La Cassazione esprime una certa titubanza in ordine all’applicabilità dei principi ivi espressi, sia perché si tratta di una sentenza emessa in sede civile, sia perché in quella sede si discuteva circa la natura personale o commerciale di un credito, onde assoggettarlo alla procedura fallimentare.
Il Tribunale di Palermo aveva richiamato, invece, altro precedente della Sesta Sezione penale della Corte di Cassazione, la quale, adeguandosi al precedente orientamento, aveva effettivamente sancito il principio per cui i limiti alla pignorabilità dei crediti retributivi e pensionistici di cui all’art. 545 cpc sono applicabili anche al sequestro preventivo, in quanto espressione di principi generali, volti ad assicurare i diritti fondamentali e inalienabili della persona. Il problema ora era verificare se quel principio espresso in via generale fosse applicabile anche al caso specifico delle somme versate quale montante per l’erogazione poi di una pensione integrativa.

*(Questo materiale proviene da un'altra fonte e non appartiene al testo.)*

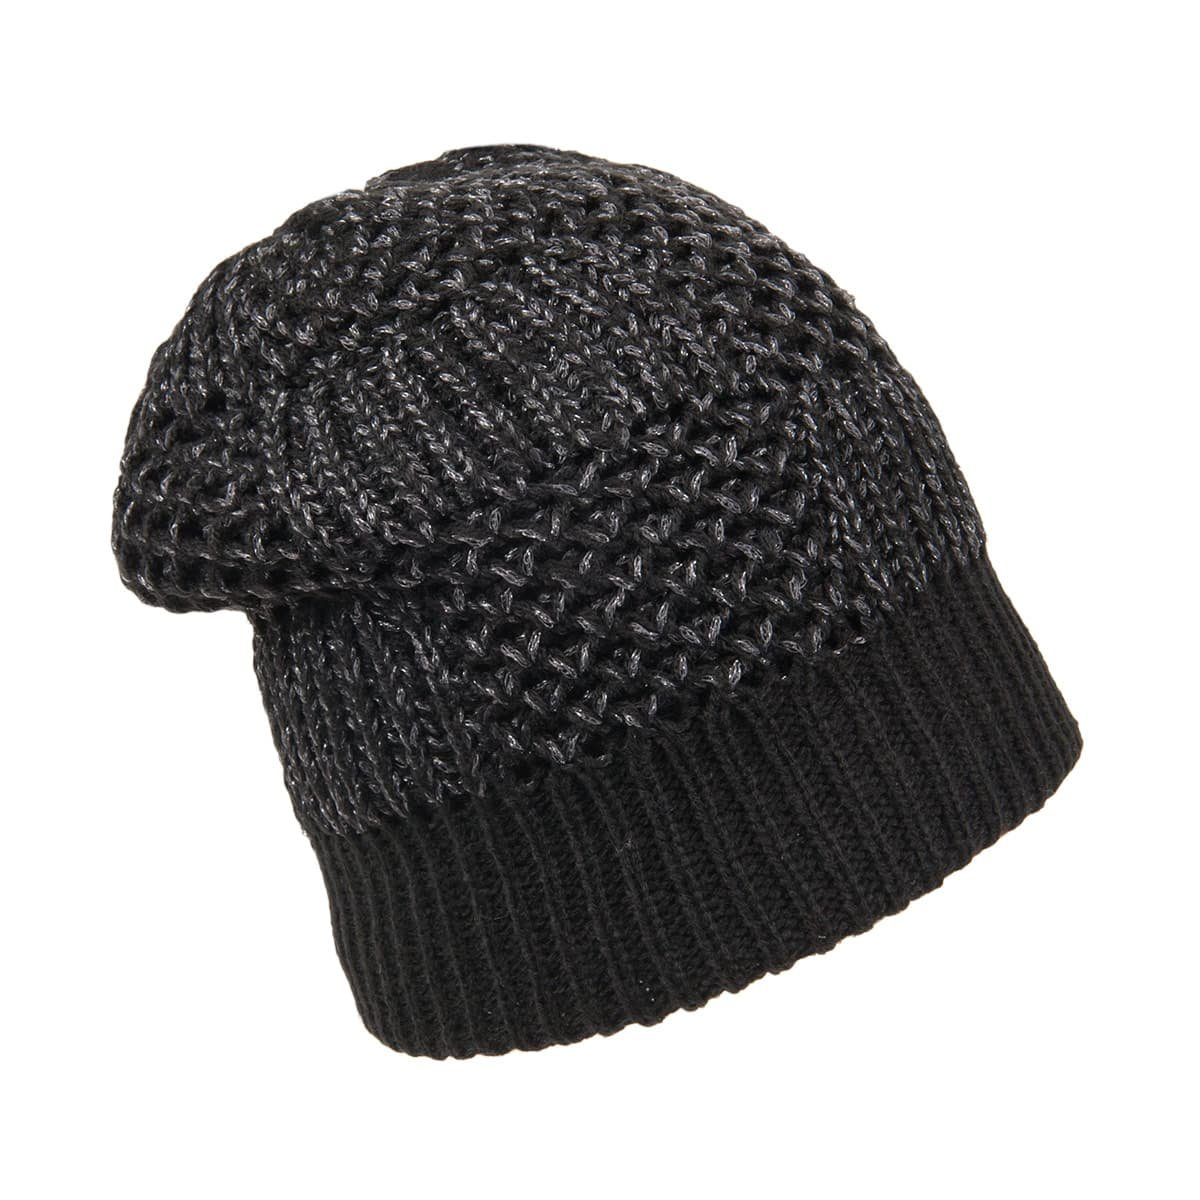 55d335bdf3 cuffia donna in lana maglia, EUR 16,90 -->

La Corte ribadisce che prevalente e condivisibile è l’orientamento in base al quale i limiti di cui all’art. 545 cpc siano applicabili anche al sequestro preventivo finalizzato alla confisca, stante la necessità di tutelare gli interessi primari dell’individuo, sebbene ci siano altri precedenti che mostrino di aderire ad una ricostruzione diversa, per cui i limiti di cui all’art. 545 cpc non opererebbero in relazione al sequestro preventivo, quanto meno nel caso in cui le somme siano già state acquisite dal titolare del trattamento e si siano confuse col suo patrimonio mobiliare (in questo senso si è espressa Cassazione, Seconda Sezione penale 18 settembre 2017 n.42533).
La Corte ritiene comunque che gli orientamenti di marca profondamente garantista sopra menzionati non siano applicabili al caso di specie, in cui non rileverebbe affatto l’art. 545 cpc. che non sarebbe applicabile nel caso di fondi pensione ad accumulo.

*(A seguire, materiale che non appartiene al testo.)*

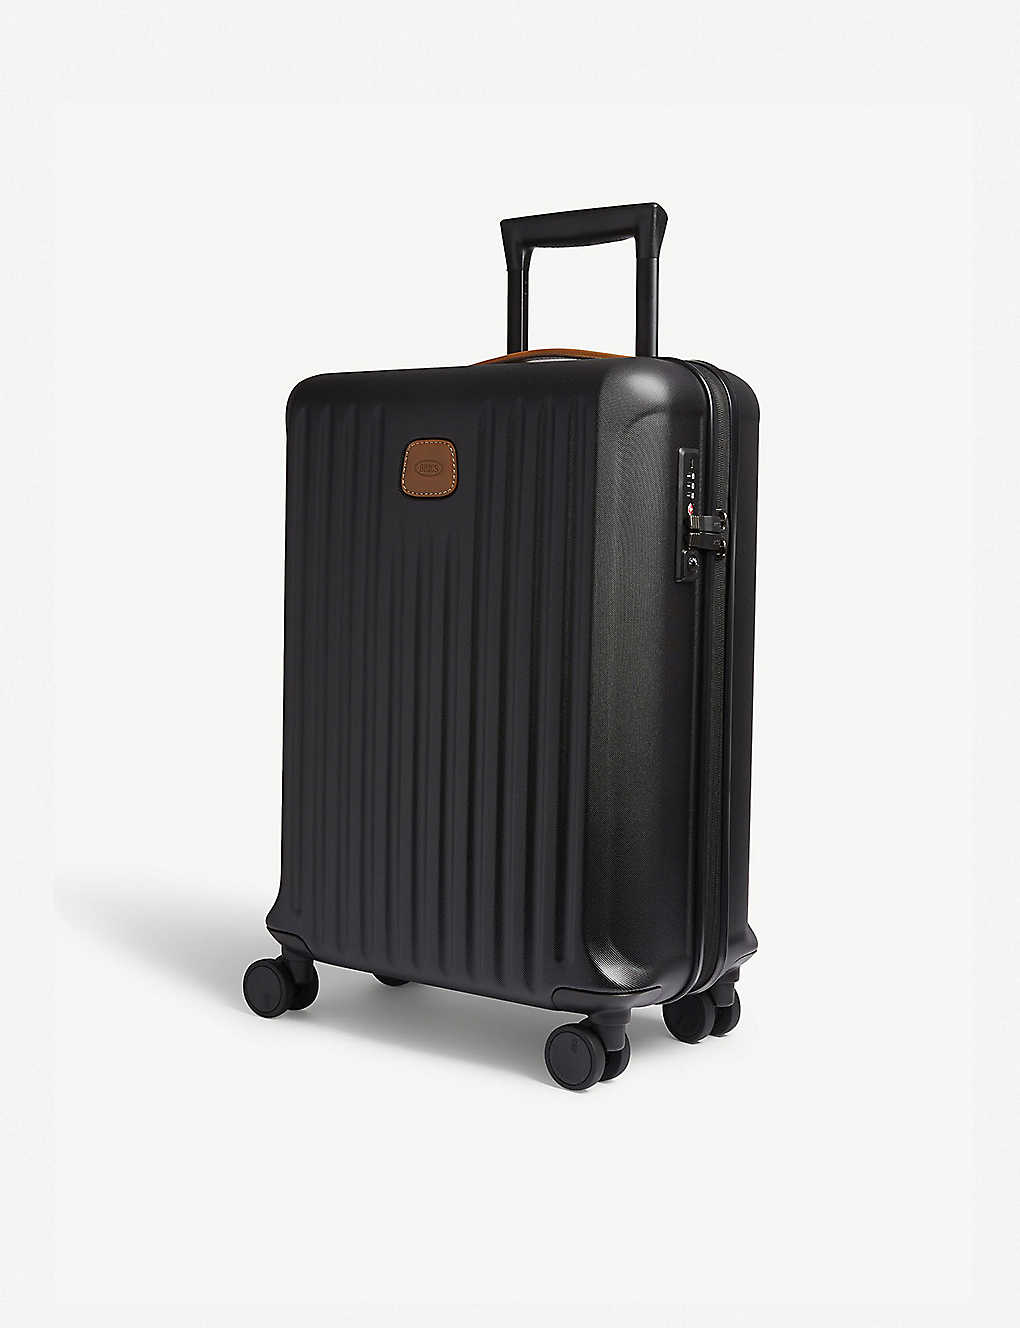 f0524e7ee5ab ... BRICS Capri matt hard case carry-on suitcase 55cm zoom ...
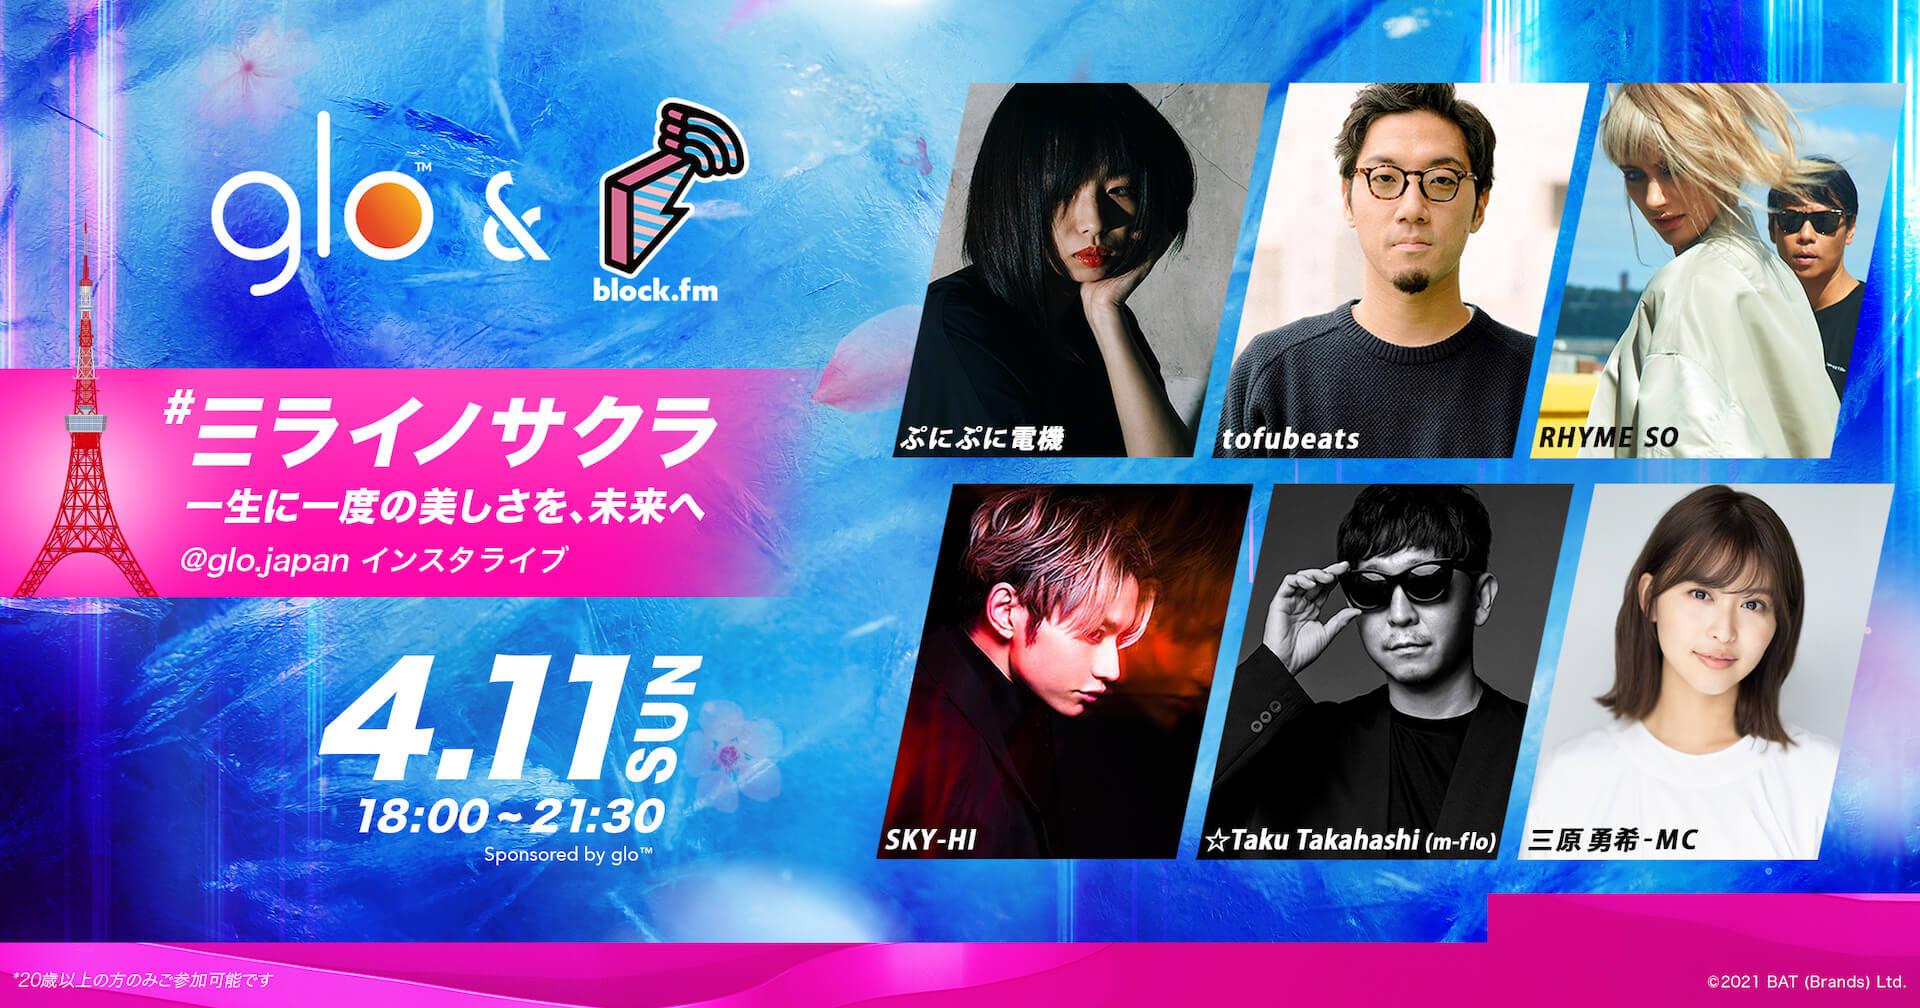 gloとblock.fmによるIGライブ「#ミライノサクラ」が開催決定!SKY-HI、☆Taku Takahashi、tofubeatsらが桜色のステージでライブ music210406_glo-blockfm-210406_4

Si tratta di strumenti finanziari che, infatti, pur avendo funzione latamente previdenziale, non sono legati a corrispettivi derivanti da un rapporto lavorativo. Inoltre, come la stessa espressione “fondi pensionistici integrativi” lascia trasparire, si tratta di forme di previdenza che vanno ad integrare quel nucleo essenziale di prestazioni, su cui si appunta l’intangibilità cui si riferisce l’art. 545 cpc.
A sostegno di tale impostazione, la Corte richiama altri suoi precedenti aventi ad oggetto sequestri preventivi di polizze assicurative sulla vita, ritenuti assolutamente legittimi, anche in forza della considerazione per cui non sono estensibili automaticamente alla materia penale quei principi espressi da norme civili.
La Corte, infine, quindi, assimilando il fondo pensione allo strumento dell’assicurazione sulla vita ne ammette la sequestrabilità preordinata alla successiva confisca e rigetta il ricorso presentato.